Infarct Volume Measurement
After anesthetizing the mice, their brains were promptly extracted and sectioned into 2-mm slices. These fresh slices were stained with 2% 2,3,5-triphenyltetrazolium chloride (TTC; Sigma-Aldrich, St. Louis, MO, USA) at 37°C for 15 minutes, followed by fixation in 4% formaldehyde at 4°C overnight. Post-TTC staining, red regions represented non-infarcted tissue, while white regions indicated infarcted areas. Red areas indicated viable tissue, and white areas represented infarcted regions.Blinded investigators manually outlined infarct areas, and quantitative analysis was performed using ImageJ 1.52a.
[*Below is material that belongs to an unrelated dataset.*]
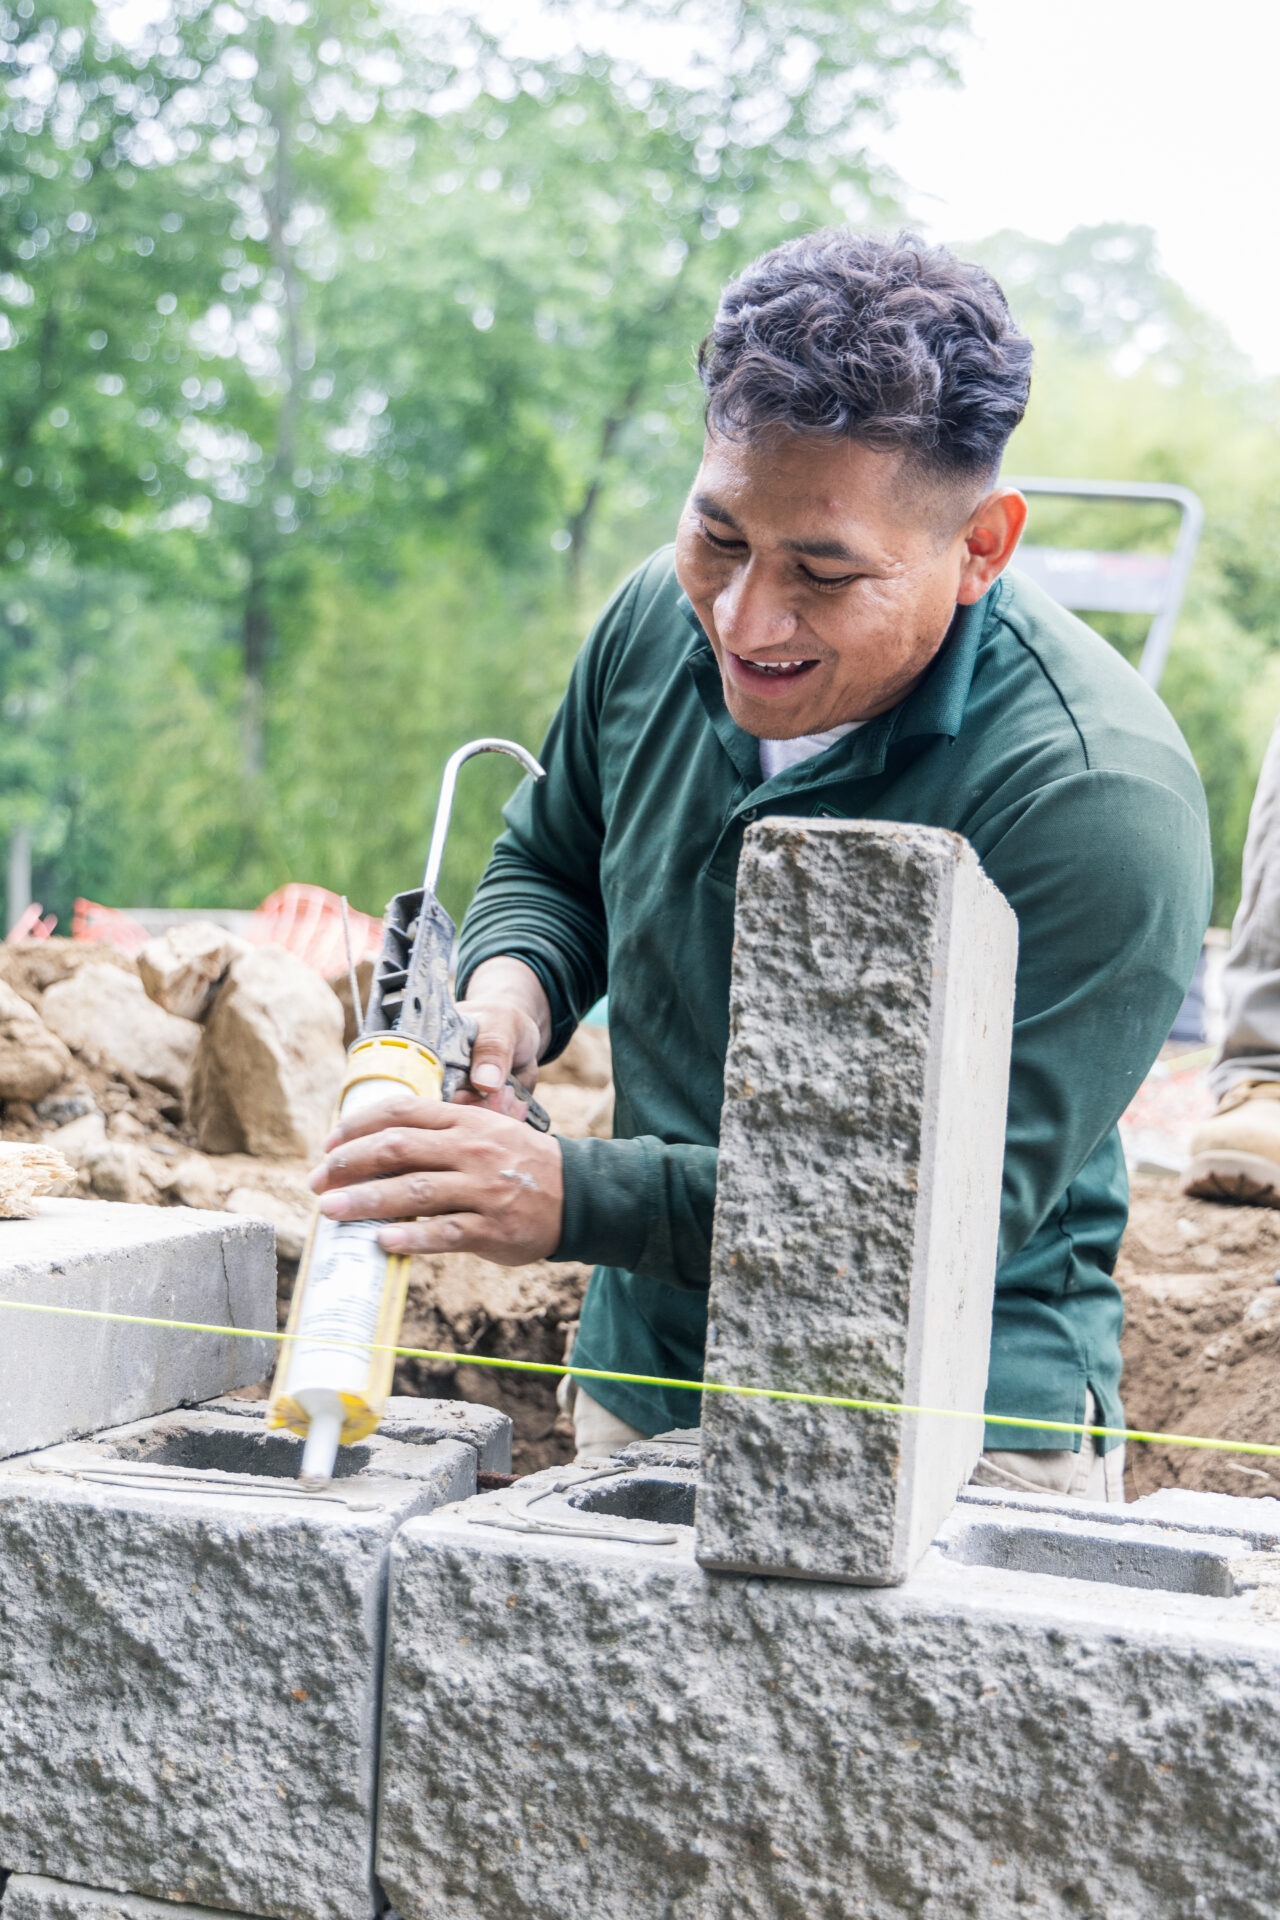 A person is applying adhesive from a caulk gun to concrete blocks, smiling while focused on construction work outdoors with greenery in the background.

Infarct volume percentage was calculated as:Cerebral infarct volume (%) = (Infarct volume / Contralateral hemisphere volume) × 100%.
Immunohistochemical Staining
We fixed mouse brain tissue samples with formaldehyde fixative, sliced the paraffin-embedded tissue into 4–6μm thin sections, and sequentially immersed the slides on the glass in xylene and a series of decreasing concentration alcohol solutions to remove paraffin and rehydrate the samples. The slides were incubated at 4°C overnight with the primary antibody solution and washed with PBS. The slides were incubated with the secondary antibody labeled with HRP for 2 hours, and the substrate solution was added. All IHC image acquisition and quantitative analyses (positive cell density and integrated optical density) were performed by blinded investigators using ImageJ 1.52a to avoid observer bias.
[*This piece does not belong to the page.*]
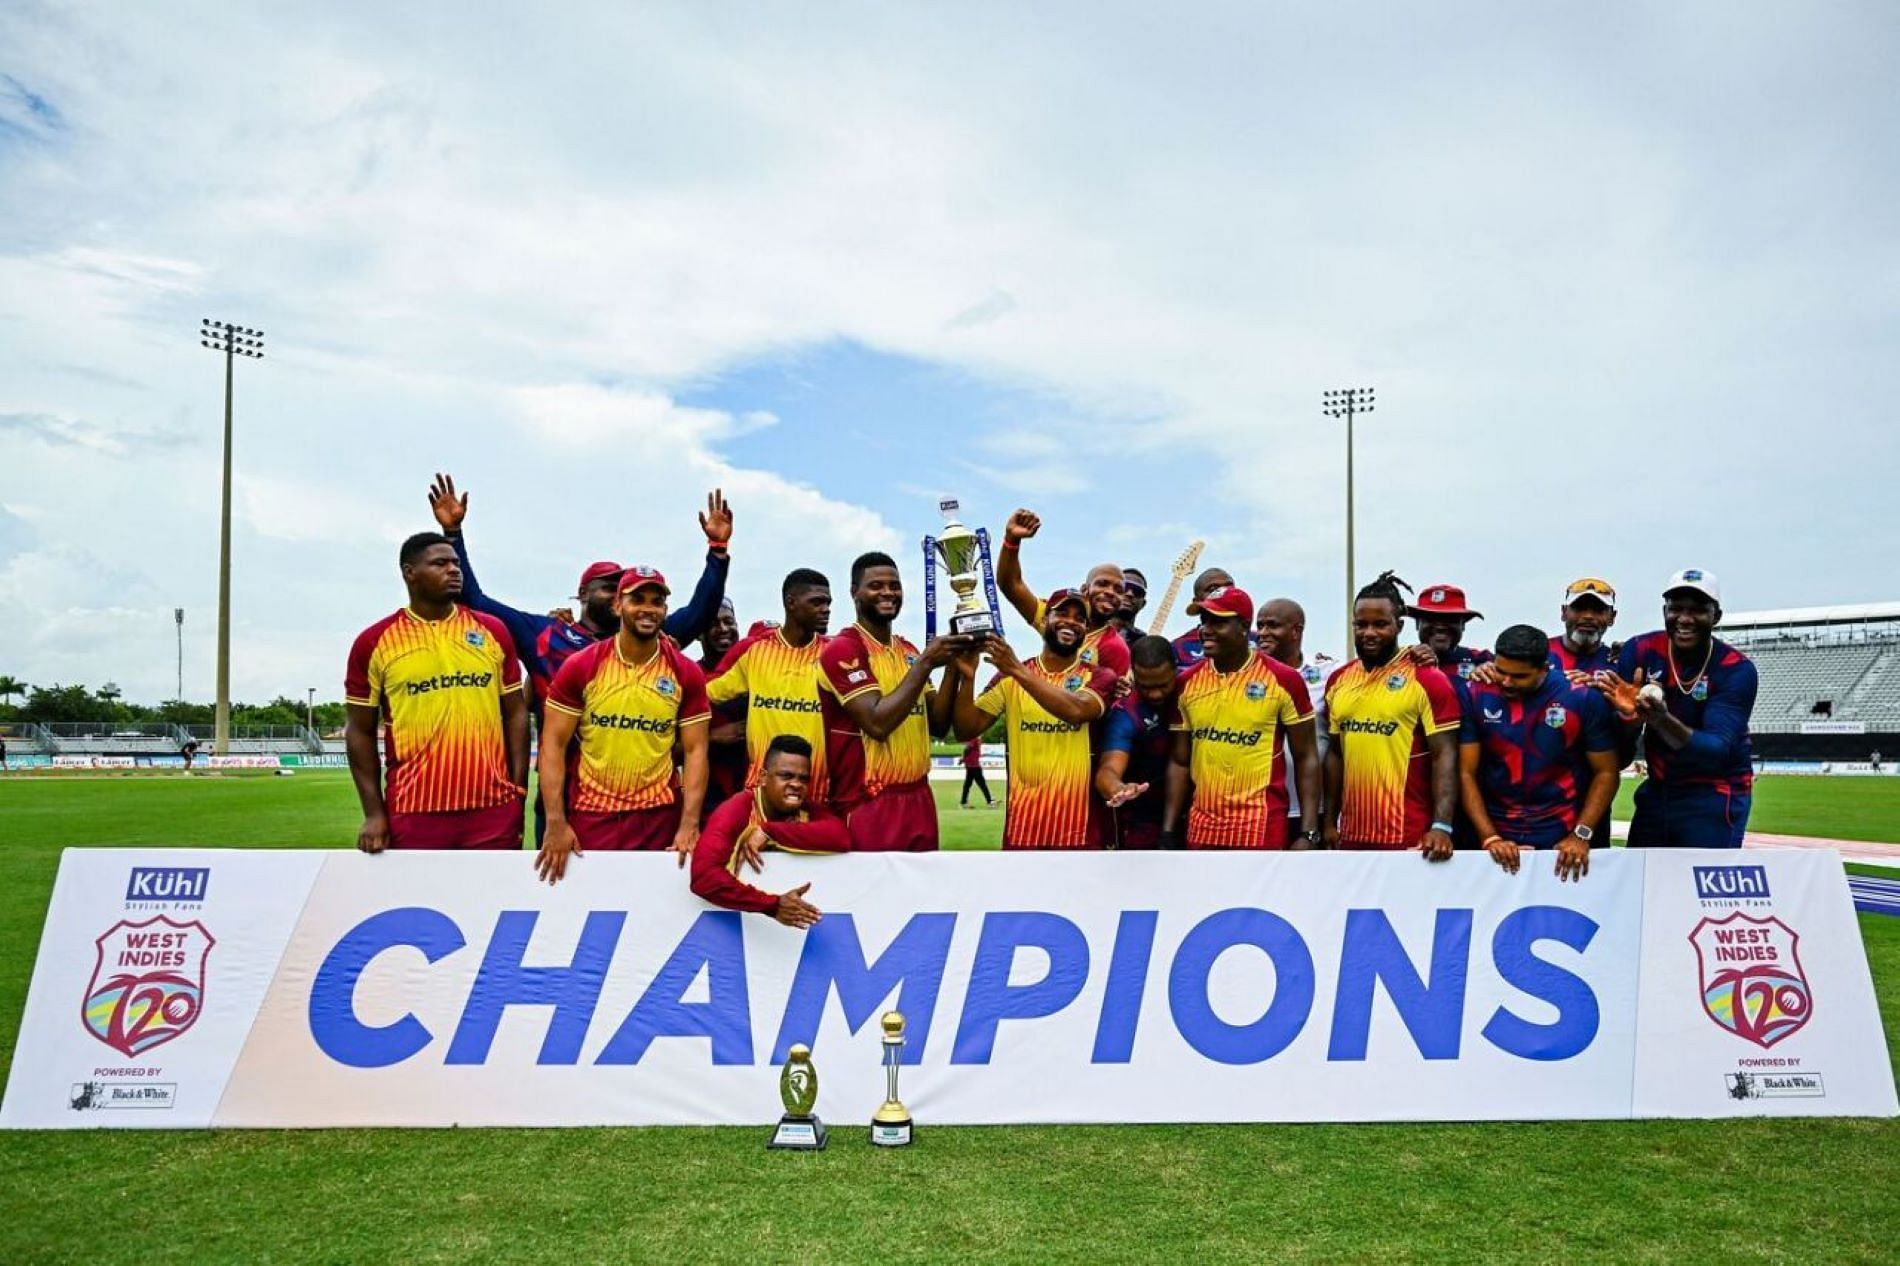 West Indies beat India in the deciding T20I to win the series 3-2.

Measurement of MDA, LDH, and GSH Activities
After transcardial perfusion with ice-cold saline (4 °C), brains were carefully excised, and the tissues were homogenized in phosphate-buffered saline (PBS). The enzymatic activities of LDH, GSH, and MDA were subsequently quantified using commercially available assay kits (Nanjing Jiancheng Corp., China).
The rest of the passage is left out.